Dell XPS 17 9710 specs
- CPU: Intel 8-core 11th gen Core i7-11800H
- GPU: Nvidia GeForce RTX 3060 Laptop @ 70 watts TGP
- RAM: 32GB DDR4/3200 in dual-channel mode
- Storage: 1TB Samsung P9A1 PCIe Gen 4 SSD (up to 2 M.2 drives)
- Battery: 97 watt hour
- Network: WiFi 6 and Bluetooth 5.1
- Panel: 17-inch touch screen with 10-bit color depth, and 3840x2400 resolution
- Webcam and biometrics: 720p IR camera with Windows Hello support and finger-print reader
- Weight and size: The laptop is 14.74 x 9.76 x 0.77 and 5.4 pounds with touch screen (4.9 pounds without) and 1 pound for 130-watt power brick.
- Ports: We’ll let the pictures do the talking but there’s four Thunderbolt 4 ports, a UHS-III SD Card reader, and a combo analog audio jack and wedge lock port which you can see below.
The right side of the XPS 17 9710 features two more Thunderbolt 4 ports, a UHS-III SD Card reader and an analog headphone jack. SD Card readers can vary in speed but the XPS 17’s is top notch. We saw read and write performance near the maximum speed of our UHS-II card.
There’s no USB-A port, but Dell does at least includes a USB-A and full-size HDMI dongle. While we understand why PC makers are giving USB-A the boot—although we still don’t agree with it—we think it’s an oversight of Dell not to include a gigabit ethernet adapter too. Content creation people love high-speed LAN transfers, Dell.
Content creators will love the star of the show, though. While the 11th-gen Intel CPU and Nvidia GeForce RTX 3060 GPU are indeed attention getters, the real feature that sets the Dell XPS 17 9710 apart is its giant 17-inch screen.
Dell XPS 17 screen size
Don’t let that number fool you. You may be thinking it’s “only” a 17-inch screen going up against laptops with 17.3-inch panels, but the 16:10 aspect ratio of the XPS 17 matters. Yes, we know, 17.3 is more than 17—but if you actually measure the vertical and horizontal height of the 17-inch 16:10 panel on the XPS 17, it’s actually slightly larger than 17.3-inch panels in viewable area.
The other natural competitors to the XPS 17 are recent crops of 16-inch notebooks using 16:10 aspect ratio screens as well. But while a 16-inch screen sounds pretty close to a 17-inch screen, in actual real estate, the Dell XPS 17’s display is almost 13 percent bigger than a comparable 16-inch screen, such as thes one in the MSI Creator Z16 or Asus ROG Zephyrus M16.

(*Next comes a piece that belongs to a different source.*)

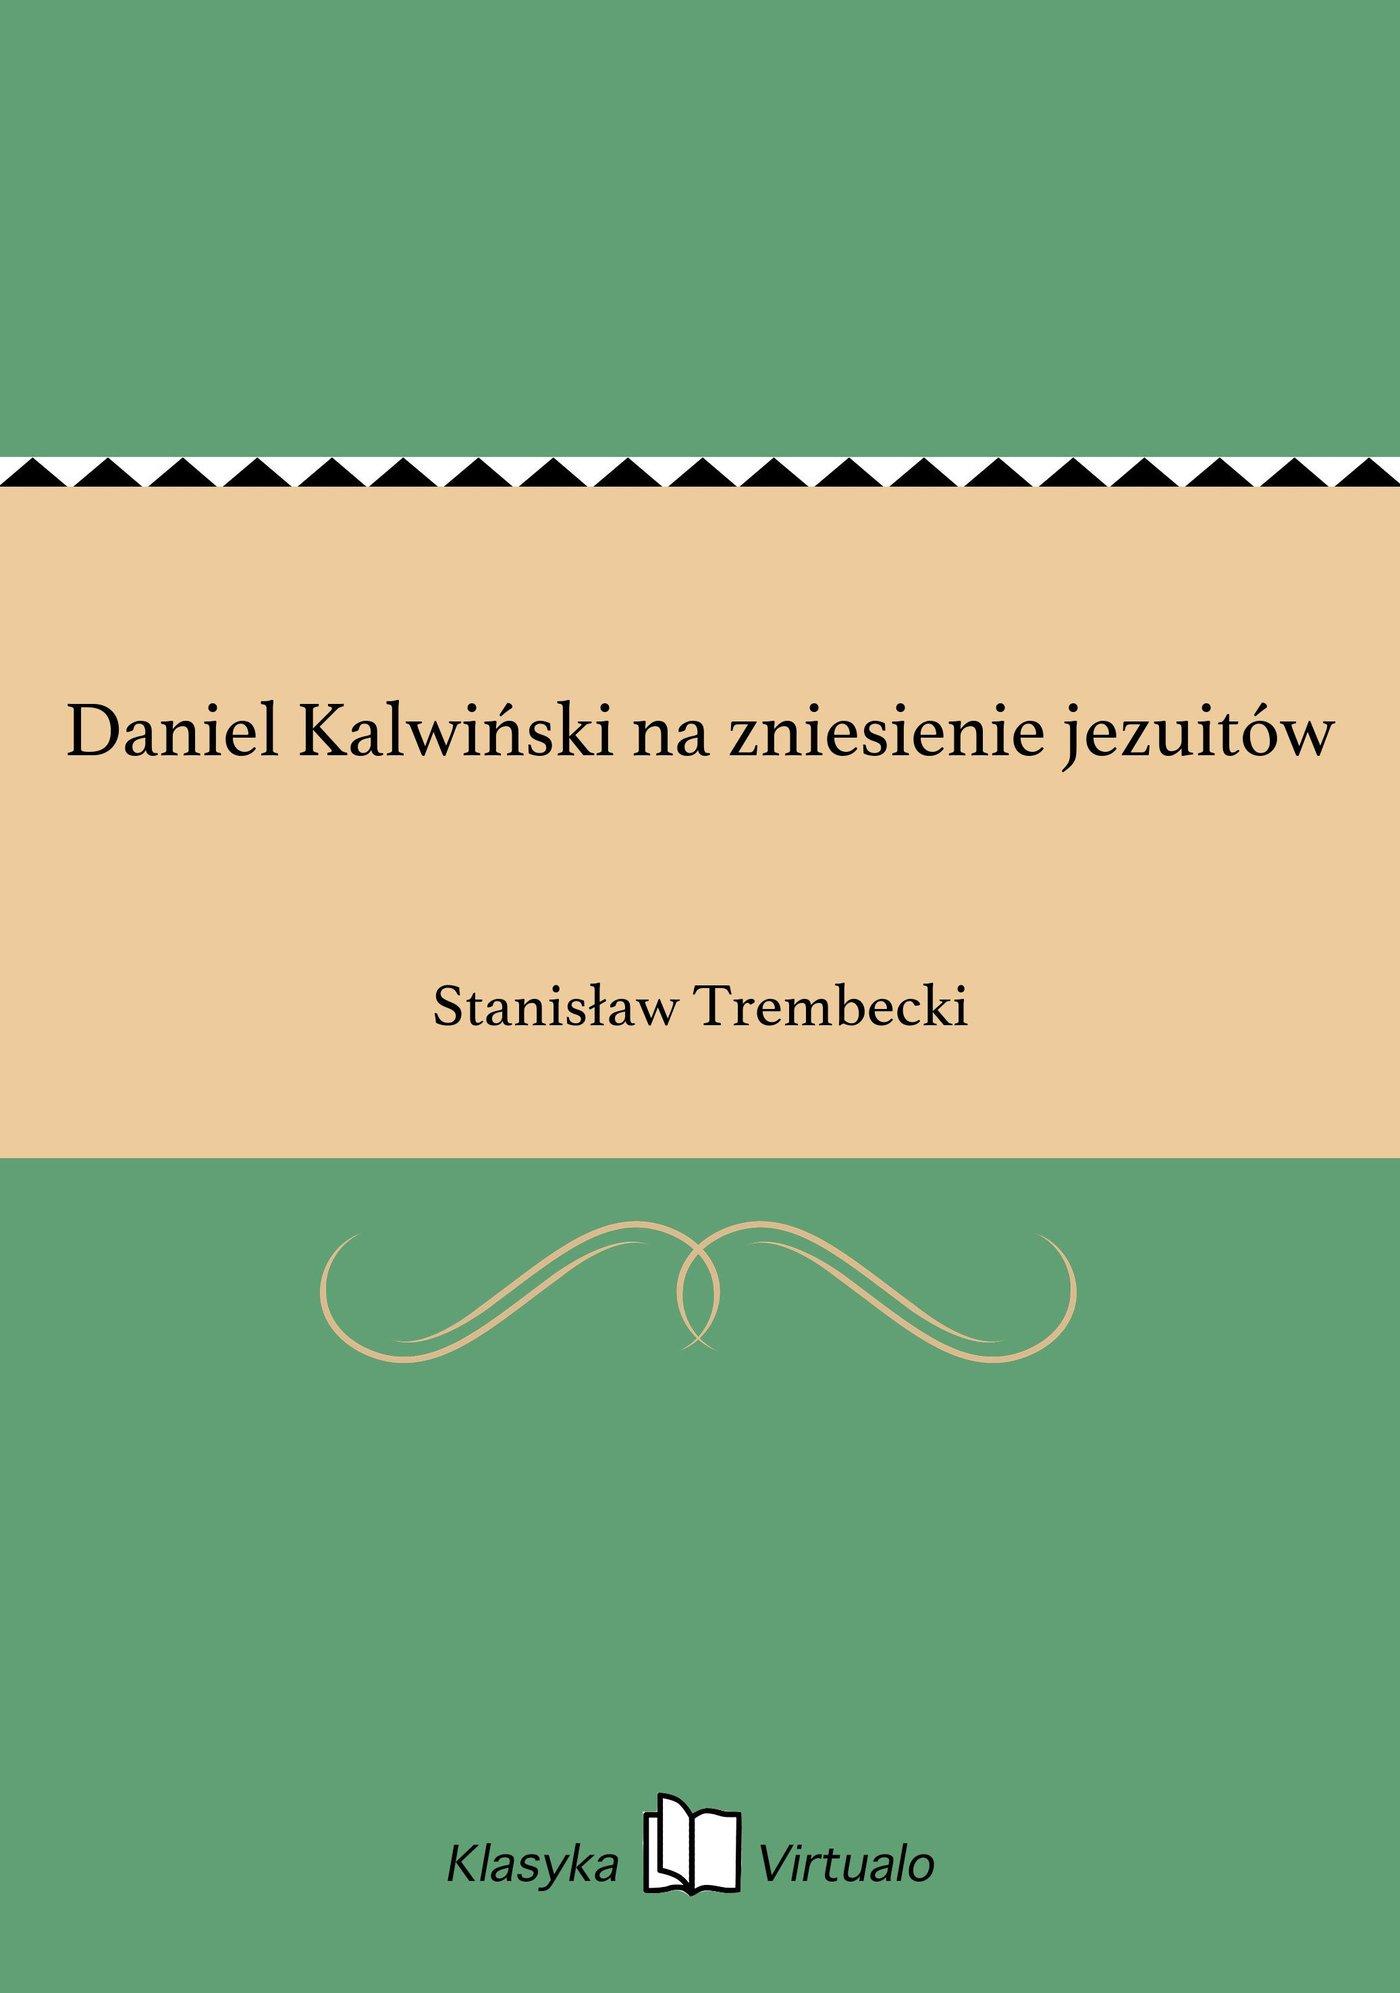 Daniel Kalwiński na zniesienie jezuitów - Ebook (Książka EPUB) do pobrania w formacie EPUB

To give you an idea of how much larger, we physically measured the XPS 17’s panel to compare it to the physical dimensions of other popular screen dimensions.
What’s impressive about the XPS 17 9710 is that while it offers a screen slightly larger than a 17.3-inch 16:9 laptop, its footprint is only an inch wider than most thin-profile 15.6 gaming laptops. That’s 26 percent more viewable screen space in a laptop just an inch wider. So yes, if you want as much panel packed into the tiniest possible laptop, the XPS 17 is your answer.
Dell XPS 17 keyboard, trackpad, and audio
Keyboards and trackpads matter. The keyboard on the XPS 17 isn’t our favorite—it’s a tad bouncy and a little stiff—but it’s fine. The trackpad is ginormous but palm rejection seems to work well enough and we didn’t experience any cursor jumps even while intentionally mashing our palms on the trackpad.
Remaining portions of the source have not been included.